Но я подавляю, подавляю их — желания. Не очень-то получается.
Для шепота с оркестром
В ее потные мальчишечьи русые кудри
Выбивающиеся из-под матросской бескозырки
или солдатской папахи,
Я целую ее исцарапанные русские белые руки,
Я плачу и говорю:
«Белая моя белая! Красная моя красная!
Веселая моя и красивая — Прости меня!
Я принимал за тебя генеральскую фуражку грузина,
Всех этих военных и штатских,
Выросших на твоей могиле —
Всех этих толстых и мерзких могильных червей.
Тех — против кого я. И кто против меня
и моих стихов!
Я плачу о тебе в Нью-Йорке. В городе атлантических сырых ветров. Где бескрайне цветет зараза. Где люди-рабы прислуживают людям-господам, которые в то же время являются рабами.
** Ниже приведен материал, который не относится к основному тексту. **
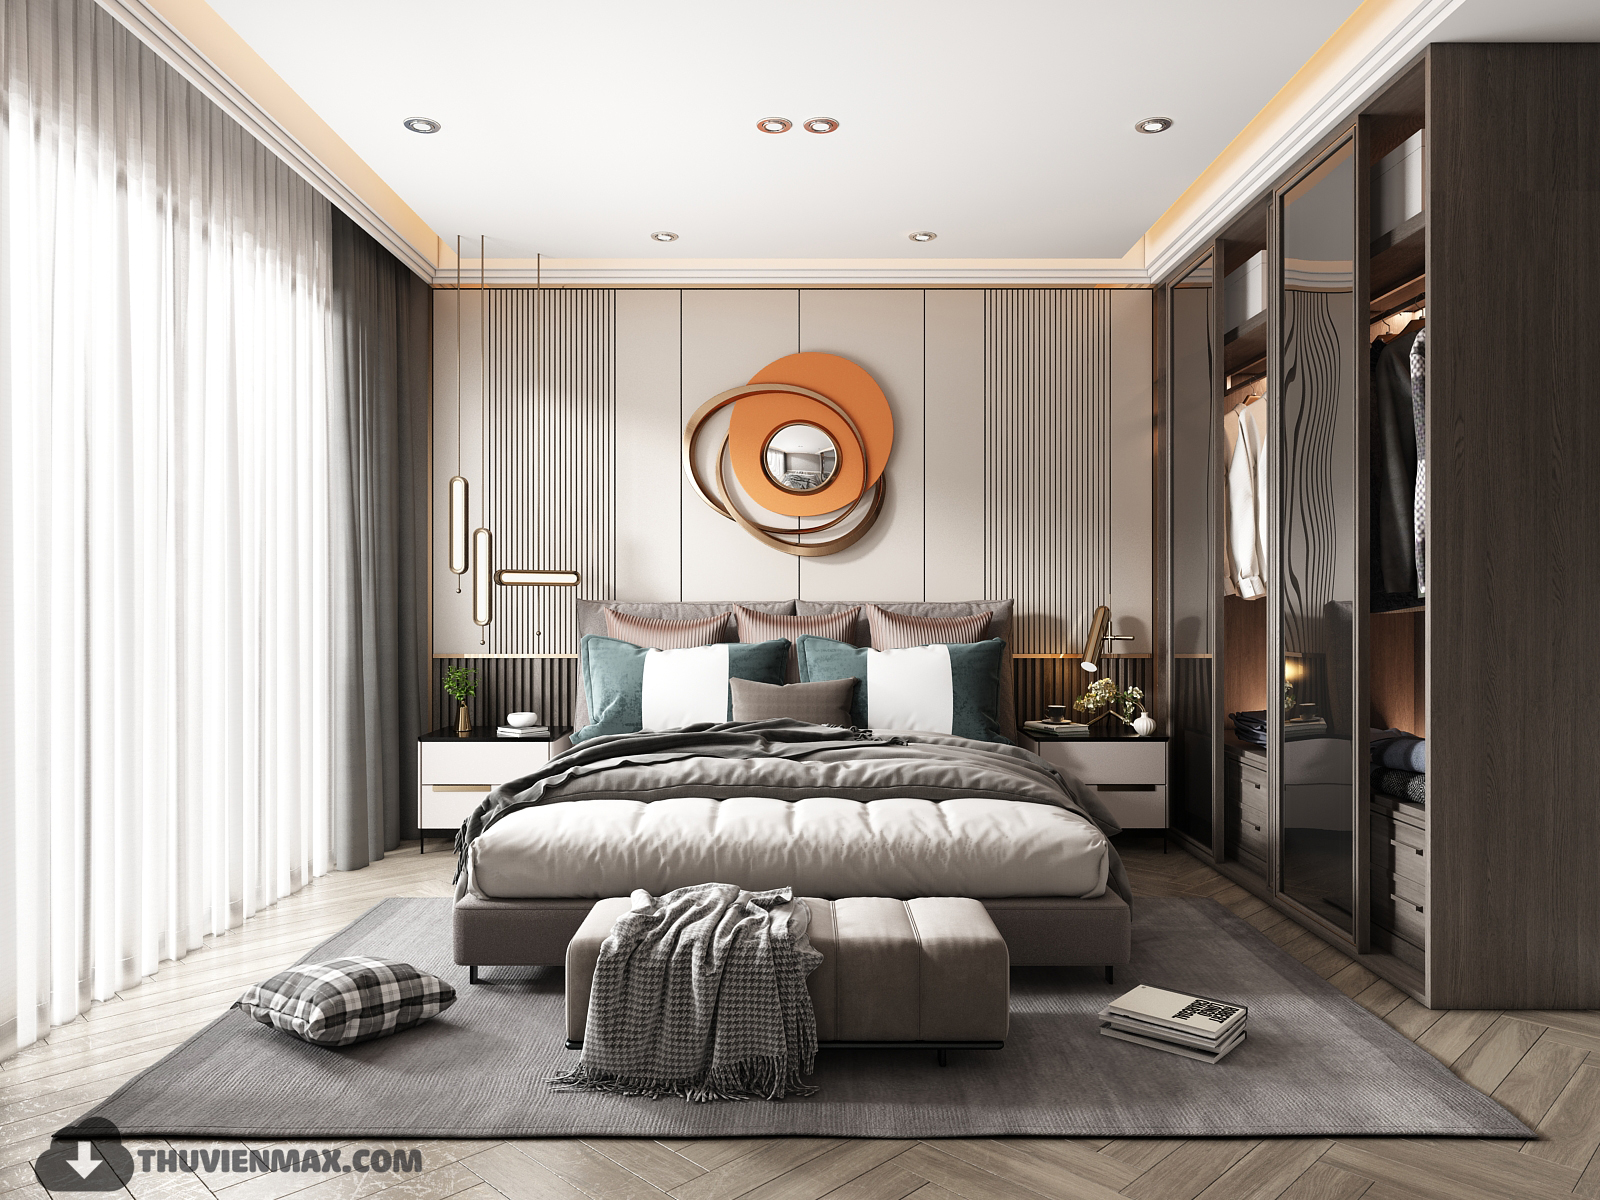 3D Interior Model Bed Room 0266 Scene 3dsmax

А по ночам. Мне в моем грязном отеле. Одинокому, русскому, глупому. Все снишься ты, снишься ты, снишься. Безвинно погибшая в юном возрасте — красивая, улыбающаяся, еще живая. С алыми губами — белошеее нежное существо. Исцарапанные руки на ремне винтовки — говорящая на русском языке — Революция — любовь моя!»
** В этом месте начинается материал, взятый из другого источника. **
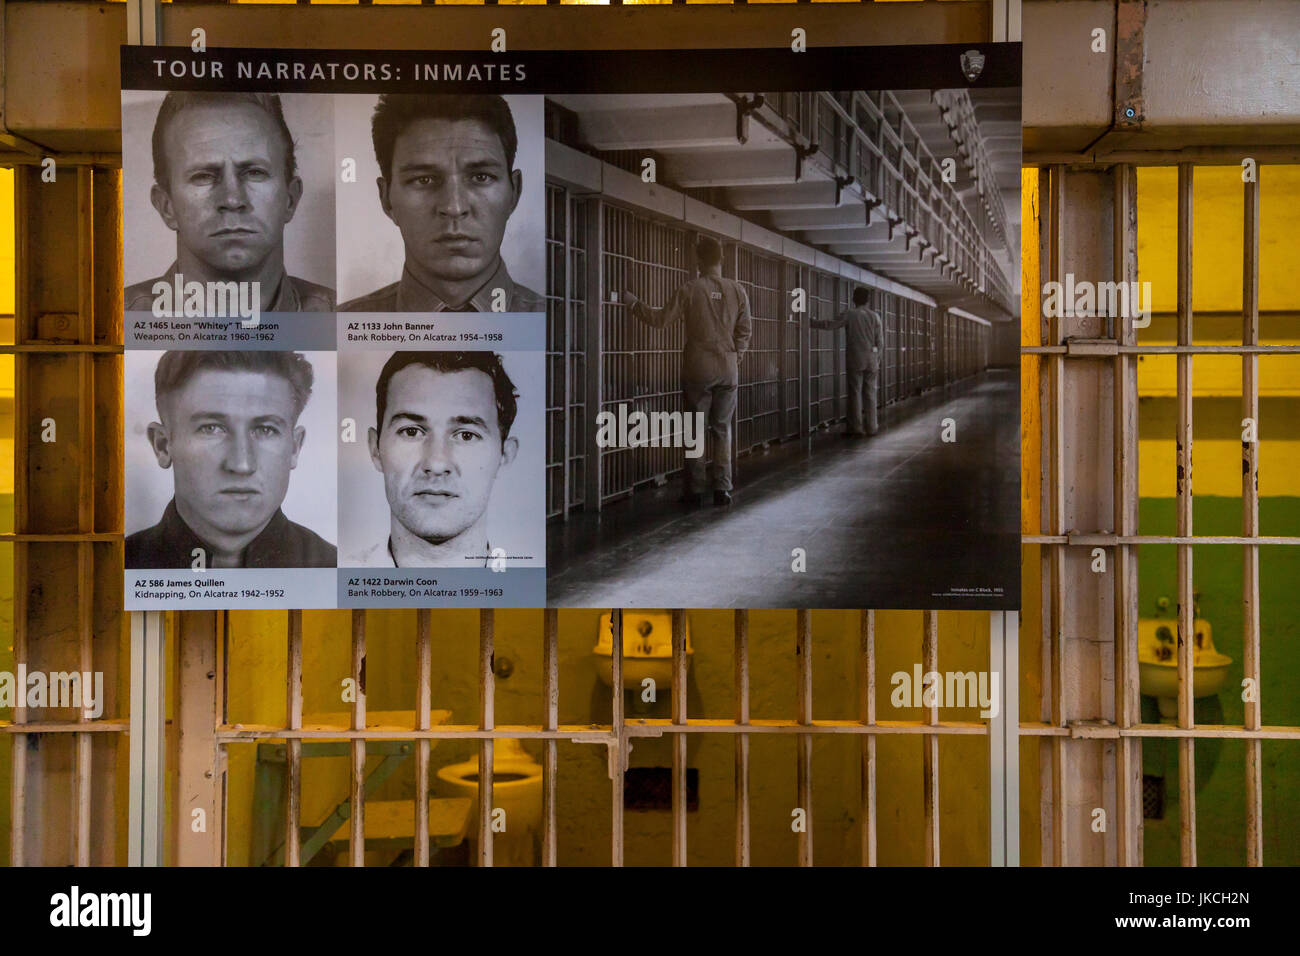 Poster of tour narrators in prison cell, Alcatraz penitentiary, San Francisco, California, USA Stock Photo

И летняя гражданская война
В городе горячем, как сон.
И руководитель восстания полулатиноамериканец, полурусский — Виктор, и Рита — женщина с прямыми волосами, и голубоволосый гомосексуалист Кэндал — все пришли утром в мою комнату и стали у дверей, и Виктор угрожает мне дулом автомата за то, что я предал дело мировой революции из-за тоненьких паучьих ручек пятнадцатилетней дочки президента Альберти — Селестины, ради ее розовых платьев и морских улыбок, ради ее маленькой детской пипочки и вечнозащипанных мочек ушей, ради ежей в саду ее папы, ежей и улиток на заборе.
Все это привело меня к сегодняшнему утру, и лучший мой боевой товарищ и бывший любовник Виктор говорит вполголоса страшные слова, истеричный Кэндал в тоненьком пиджачке не смотрит, а стремительное лицо Риты…
И долго плакала в постели маленькая Селестина, подрагивая голыми грудками, а отец ее — господин президент уже входил с танковым корпусом в столицу, и дрожали преданные западные предместья, и товарищей расстреливали во дворах.
Как ебаться сегодня хочется. Сунуть хуй глубоко-глубоко в эту щель — цвета мятой клубники щель — и пропади ты, мир, пропадом. Но какая страшная бездна будет после оргазма, откроется. Каким холодным и металлическим будет мир. И ничего не стоит приговорить к смертной казни кого угодно — а если ангела, так и еще возбудительнее.